At the "D4 - All Things Digital" conference, Microsoft CEO Bill Gates was put on the spot by Walt Mossberg and had to defend the company's lackluster results in the search business. Give us time, he declared. It's a message that resonates with Microsoft watchers, who have seen the company come from behind time and again. Marketwatch gives a summary of his talk.
More disturbing is Gates's claim that "Google has done less innovation than I would have expected a year ago." That's what killed off most of Microsoft's competitors in the past. They gave Microsoft the chance to catch up. And Google sometimes seems as though it's more interested in creating new products than improving old ones. I still find that Google Desktop has a tendency to miss documents I'm searching for, although the product is still better than Microsoft's. That could be trouble for Google.
Still, Gates could be raising those arguments simply because he knows they resonate with crowds. Microsoft insiders have told me that Gates seems much less involved with his company these days, preferring to spend time with his charitable foundation. He is middle-aged now. As impressive as Steve Ballmer and Ray Ozzie are, Gates has always been Microsoft's biggest asset. Asked about his title of "chief software architect" at D4, Gates responded, "My title is a strange thing. People should think of me as chairman." Well, that title wasn't so strange when he took it. If true, Gates's lessened role could be the biggest threat to Microsoft's future, although I'm sure he would consider that idea random.
But Microsoft is still the biggest threat to Google. As Gates says, the company is patient. It has been written off too frequently in the past.
Still, a monopoly in search is no big deal. Let's face it, that's a $0 billion business. The real issue is where the money lies--in advertising. Google is rapidly becoming a monopoly in that business, enjoying a huge Network Effect that nobody has yet figured out how to combat. Its ad revenues are growing faster than online advertising overall, the fastest-growing form of advertising in the world, increasing 38% from 1Q 2005 to 1Q 2006, when it reached $3.9 billion.
But Google's ad revenues grew even faster.
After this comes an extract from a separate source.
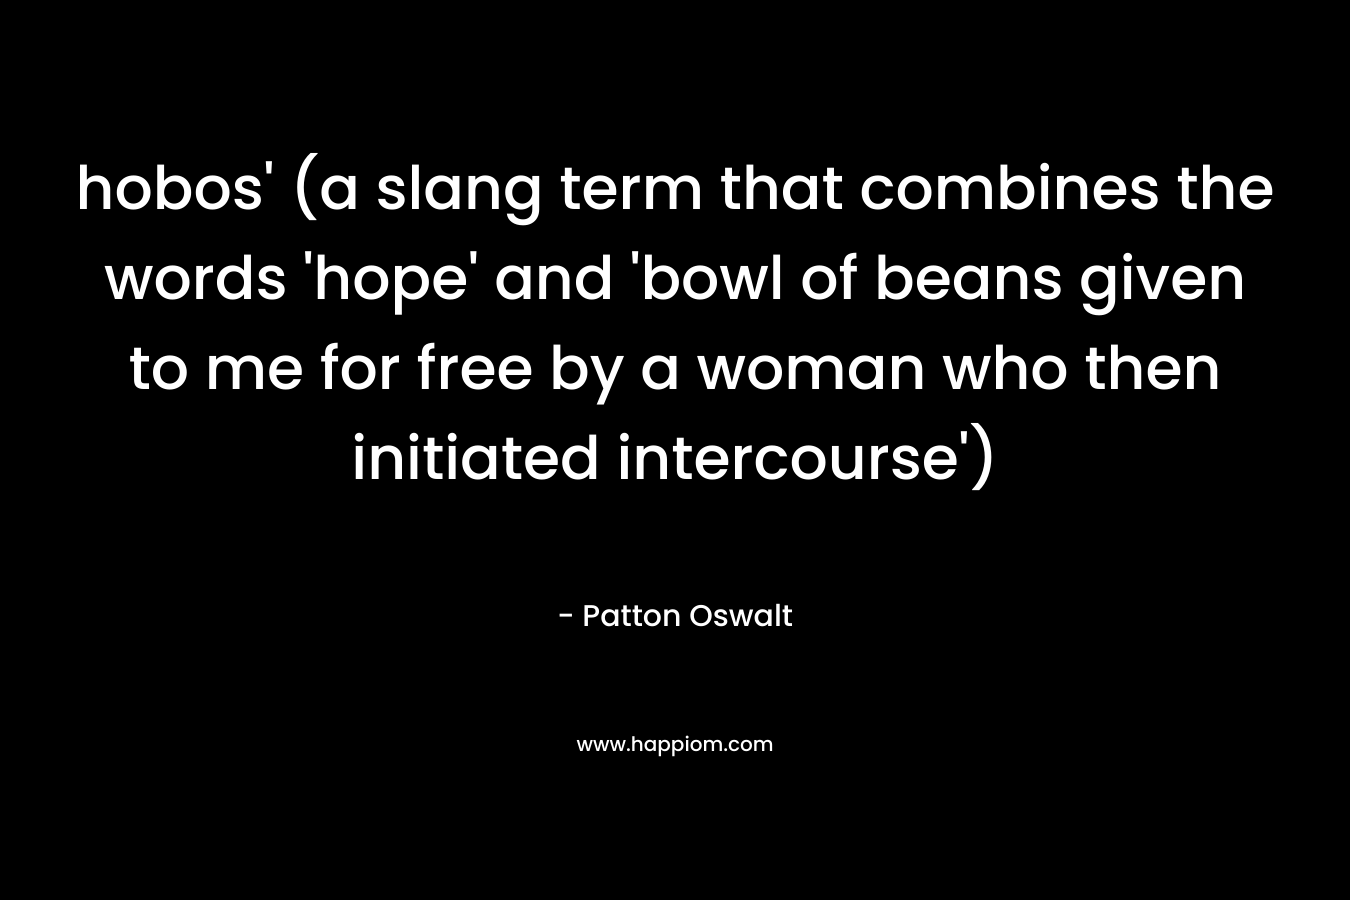 hobos' (a slang term that combines the words 'hope' and 'bowl of beans given to me for free by a woman who then initiated intercourse')

In 1Q 2005, Google accounted for 45% of all online ad revenues, and in 1Q 2006 that rose to 58%. Ballmer is well aware of that fact, and in a recent speech in Silicon Valley, warned against Google's potential monopoly there. "If there's only one advertising marketplace in the world, there's going to be lots of unhappy people," he said.
I can't wait until Microsoft starts complaining to the Justice Dept. about Google's advertising monopoly.